The future doesn’t look to bright to me. The warnings in scientific literature tell us the natural world is undergoing a catastrophic change (and yes, it’s our fault). The historical warnings of a massive world conflict are coming louder and faster every day. Politically, the powers of representative democracy are fading as totalitarianism makes real gains across the globe.
I need a little Christmas. However.
On Sunday, Molly, our priest at St. Andrews Episcopal Church, welcomed us to the Advent season by reminding us to pay attention to the darkness. Both to the literal darkness of Winter in the Northern Hemisphere, but also the darknesses of exploitation, pollution, inequality, sexism, homophobia, and more. Often the season of Advent leading up to Christmas is focused on happy things and nostalgia. We diminish the power and message of Christmas when we only focus on the sweet and sparkly.
Therefore, this Christmas season I will be exploring the darkness around and within me. Each day I will be working my way through a darkness and my relationship with it.
Yup, real joy stuff here.
Yet, not unlike dealing with an addiction, I need to take honest stock of the situation AS IT IS at the same time I begin to kick at the darkness hoping to make holes for the light.
The only way out is . . . you know.
And thus a short assessment of the general dark around/within me:
The world I inhabit is enslaved to many ideologies that are either controlled, or significantly influenced, by economic systems. Value, today, is applied almost entirely via monetary language. Everything is a resource. Everything can be bought and sold. Everything has “value” aka a price. Yet, as far as I can see, this waking nightmare of unregulated Capitalism is succeeding in creating only two things: a Heaven for a tiny fraction of the human population and a Hell for everyone else (regardless of nationality).
Viewing everything through a matrix of economic value is one very hollow way of viewing the world. My worldview had been this way for most of my life. It’s easy to understand why my worldview was an economic one, most of my life I have been influenced by Conservative Christian Evangelicalism (either directly or indirectly) and they only see things through economic lenses. For example, our sin is a debt to be paid and the price for our souls was set and met by God, but it is on US to do the right thing and accept this transaction, which most of us never even wanted, or be tortured for eternity in a hell made by the same loving God who paid the price for our sins (because God is so perfect He literally just can’t with you).
You will never encounter a more fearful, materialistic, and empty religion than Conservative American Nationalistic Evangelicalism (I would pit them against Scientology any day).
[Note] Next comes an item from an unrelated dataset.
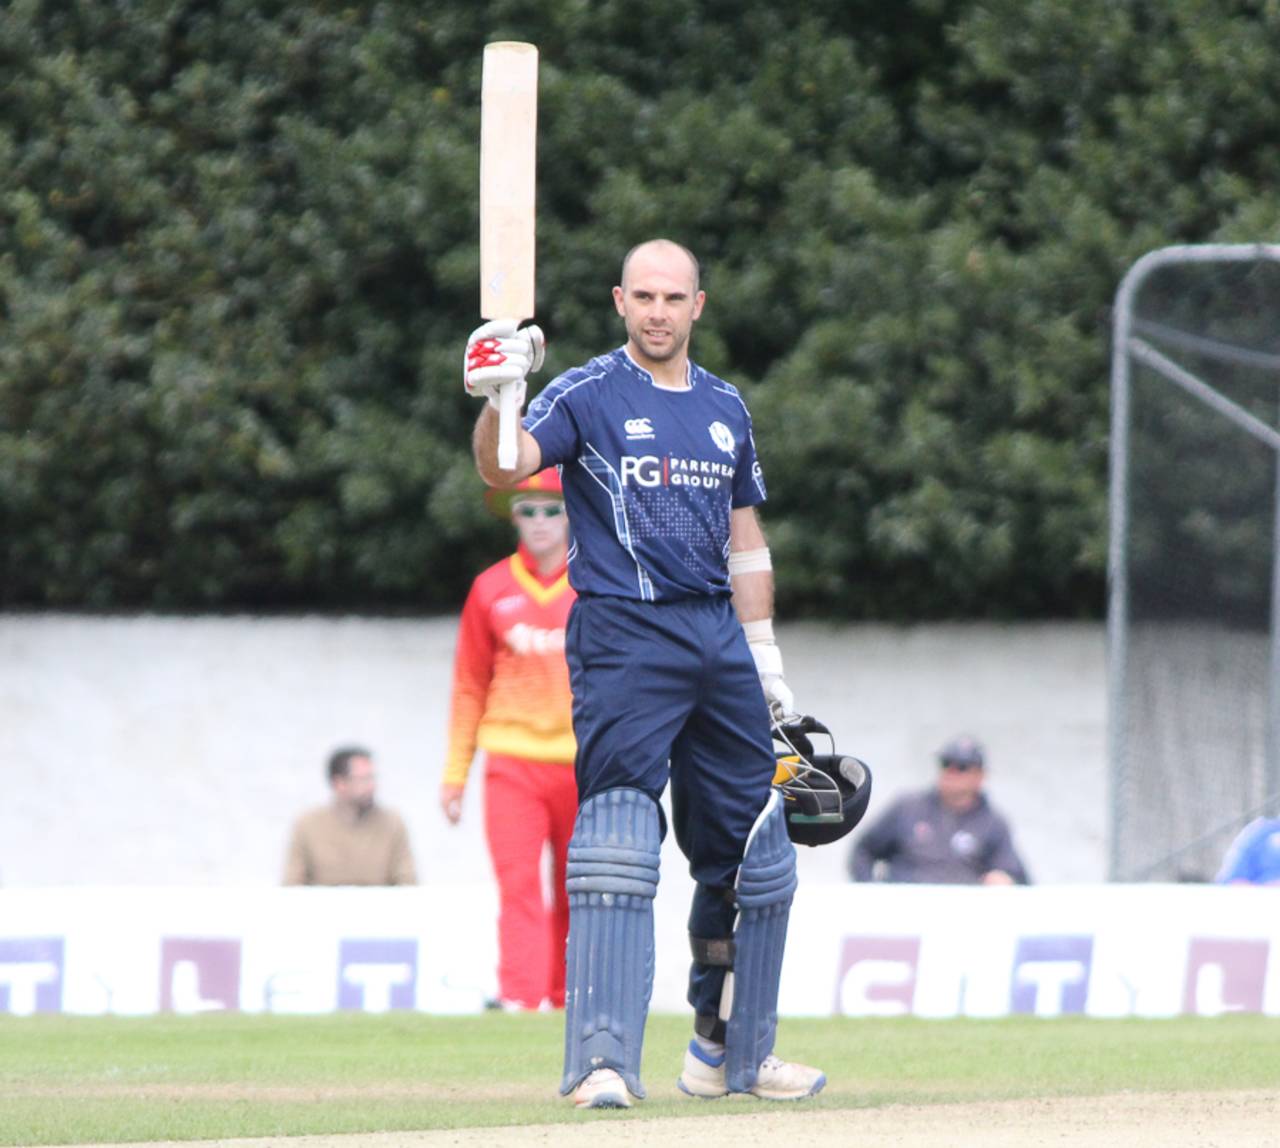 Kyle Coetzer played a big part in Scotland picking up their first ODI win over a Full Member by cracking his fourth ODI century&nbsp;&nbsp;&bull;&nbsp;&nbsp;Peter Della Penna
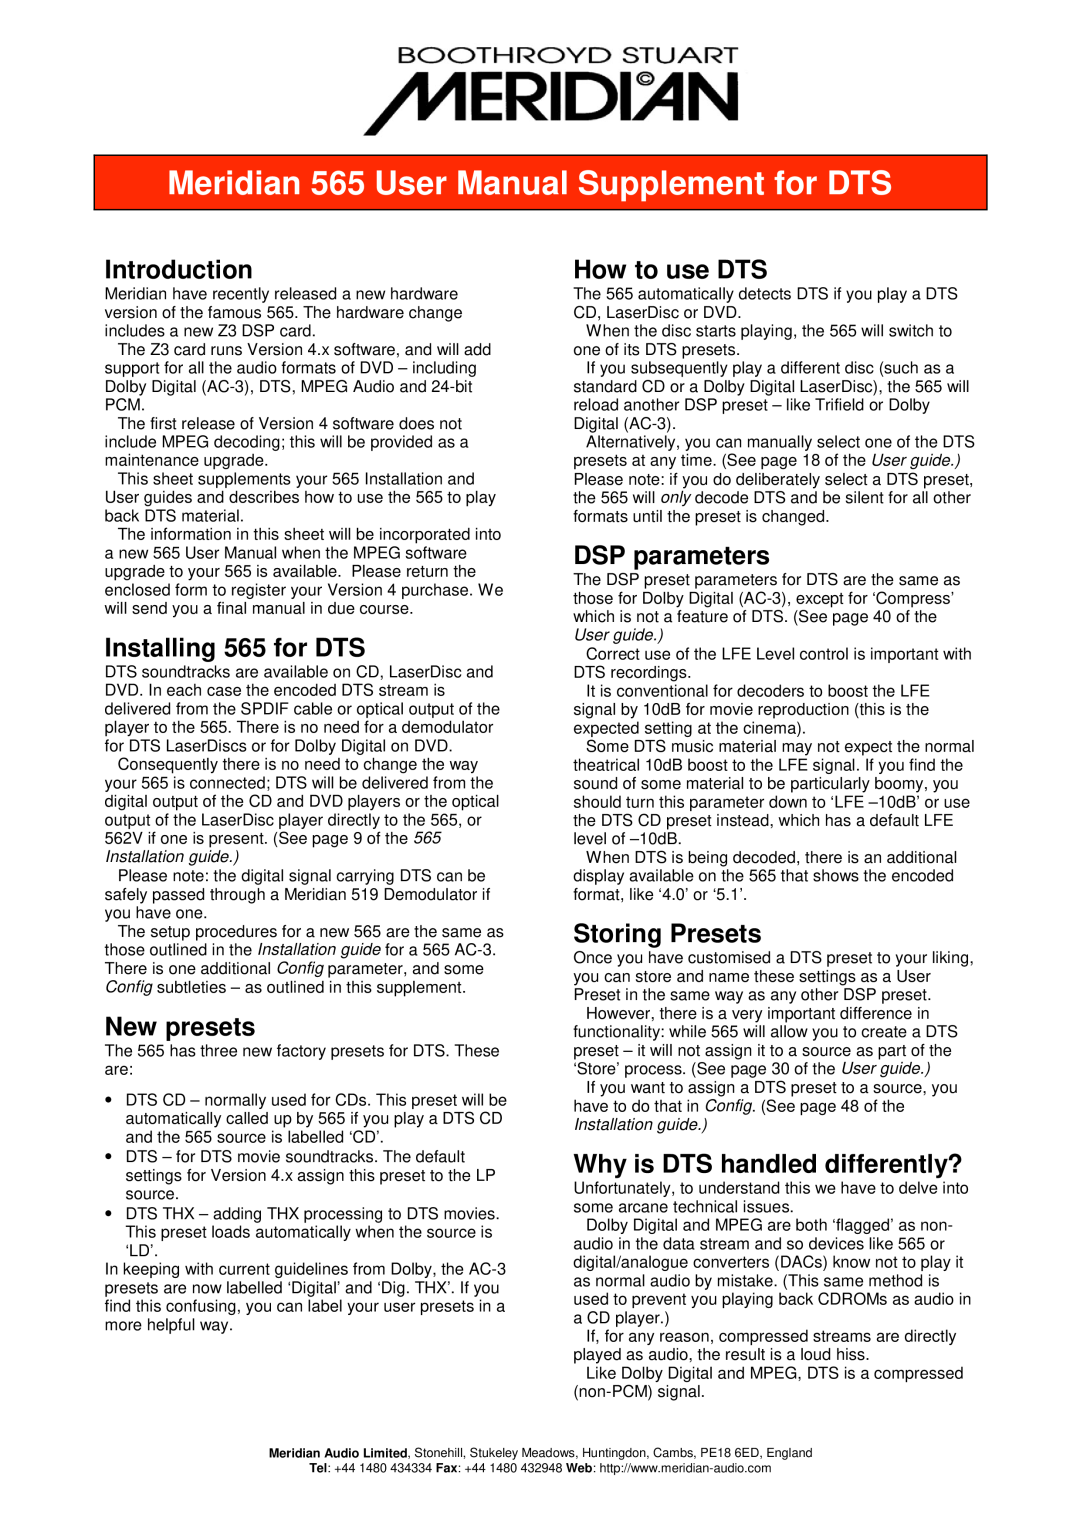 Meridian America user manual Meridian 565 User Manual Supplement for DTS, Introduction, Installing 565 for DTS

I was a hollow person, serving a hollow idol version of Jesus and hoping that all my wish fulfillment would happen once I died having been, for the most part, a model employee following all the rules. It’s as if I hope heaven is a vacation I can enjoy once I receive my bonus check for sacrificing most of my family, friends, and sanity to the job.
Sidenote: There is something inherently evil in thinking the afterlife is specifically for ME and my enjoyment. Right?
I need a revaluation of my values. One where my ego is NOT front and center. One where people matter more than objects and time with my child is not “spent” but shared. The path out of toxicity begins here, in the ugly truth: I am the enemy. The darkness I want to see changed out there is in here. The work isn’t easy, but it is life-giving.
This Advent, I will be sweeping the cobwebs from the neglected corners of my person, hoping to greet Christmas with honesty and step into the new year following a different path than the destructive one I, and we, have been walking.